Step 3. Build reports

For further analysis, the OWOX BI analysts used the add-on to import the selected data from Google BigQuery to Google Sheets. Thanks to the import, Raiffeisen received a table with the IDs of each customer whose session was closed and the new session was opened on the very same page, within less than a minute between the two sessions.

data imported to Google Sheets

Next, the data was brought together in a pivot table to demonstrate to Raiffeisen’s marketing specialists which affiliate marketers acted in bad faith. The numbers in the screenshot below were changed and are given as an example:

example of report on webmasters from CPA network by traffic channels

For instance, the report above demonstrates the number of transactions with a rewritten source value, as well as which affiliates have replaced the traffic sources with their own ones. The report also shows which channels were robbed of transactions: CPC and organic.

Results

Raiffeisen got a report that helps monitor statistics on affiliates and bring to light the cases of fraud in CPA networks.
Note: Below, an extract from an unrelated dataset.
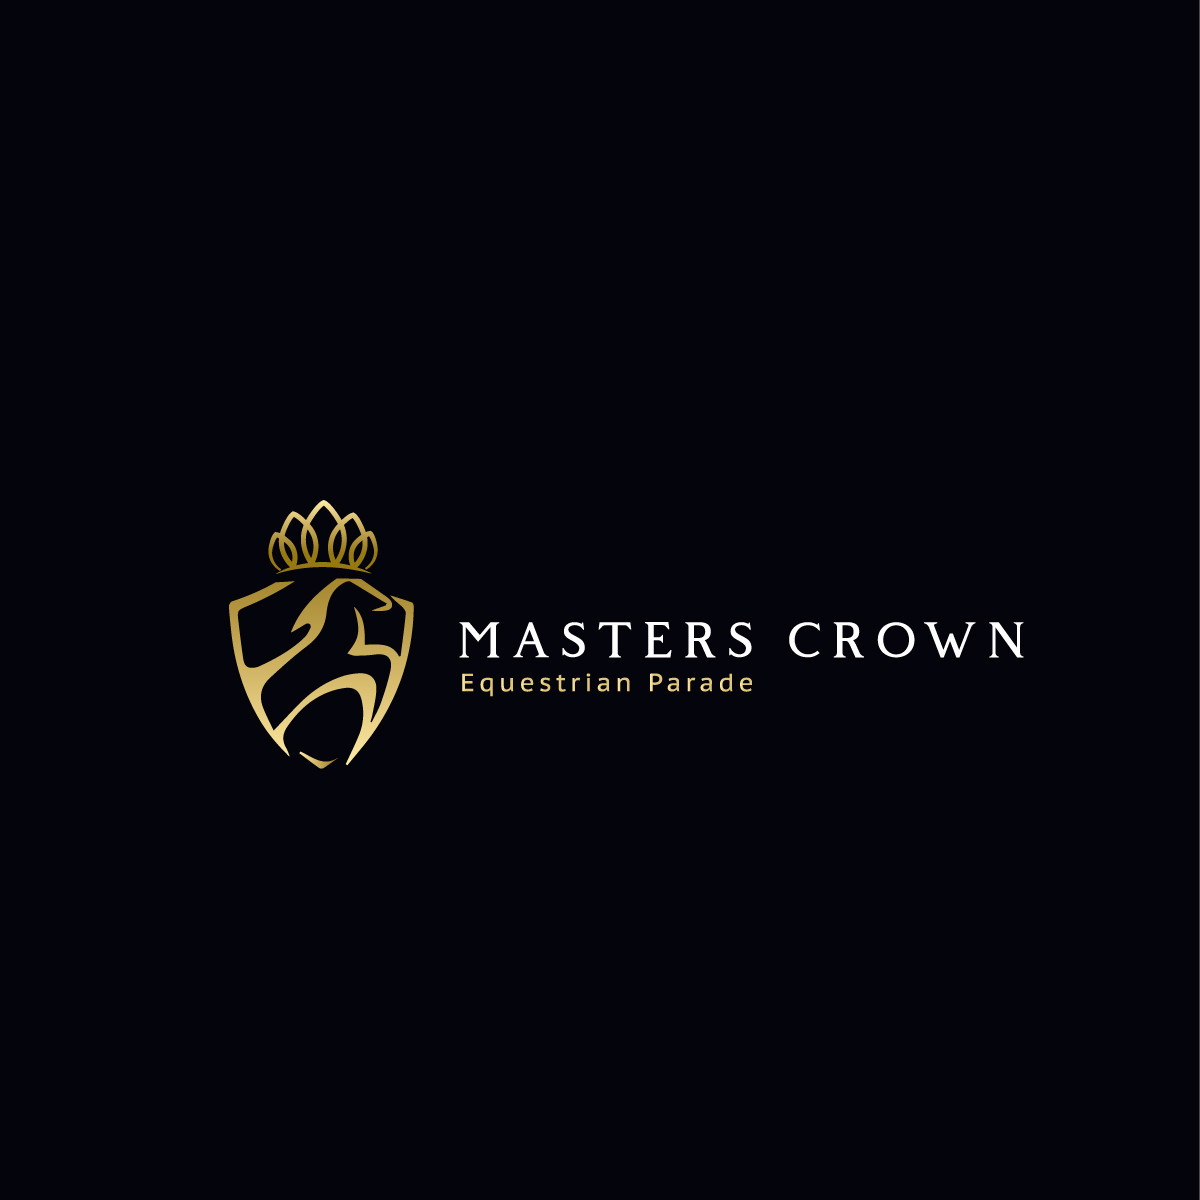 masters_crown

The company managed to optimize the ad budget by ceasing cooperation with two dishonest partners that rewrote the traffic sources and unreasonably overbilled Raiffeisen.

‘‘

We really appreciate the prompt response of the OWOX BI team. They helped us quickly identify and eliminate weaknesses in our CPA networks. It saved us a lot of money and helped us more accurately attribute conversions and sales to traffic channels. We also understand that such monitoring activity should become a regular thing. That’s why we’re working on the automation of monitoring and fighting fraud in CPA channels. Our main goal is not about reducing affiliate costs, it’s about learning to fight fraud, as well as letting our honest and effective partners earn money.

Dmitriy Berezin,
Head of Online Sales at Raiffeisen Bank
Dmitry Kudryavsky

Make sure that you’re working with honest and reliable CPA partners only, with the CPA reports in Smart Data.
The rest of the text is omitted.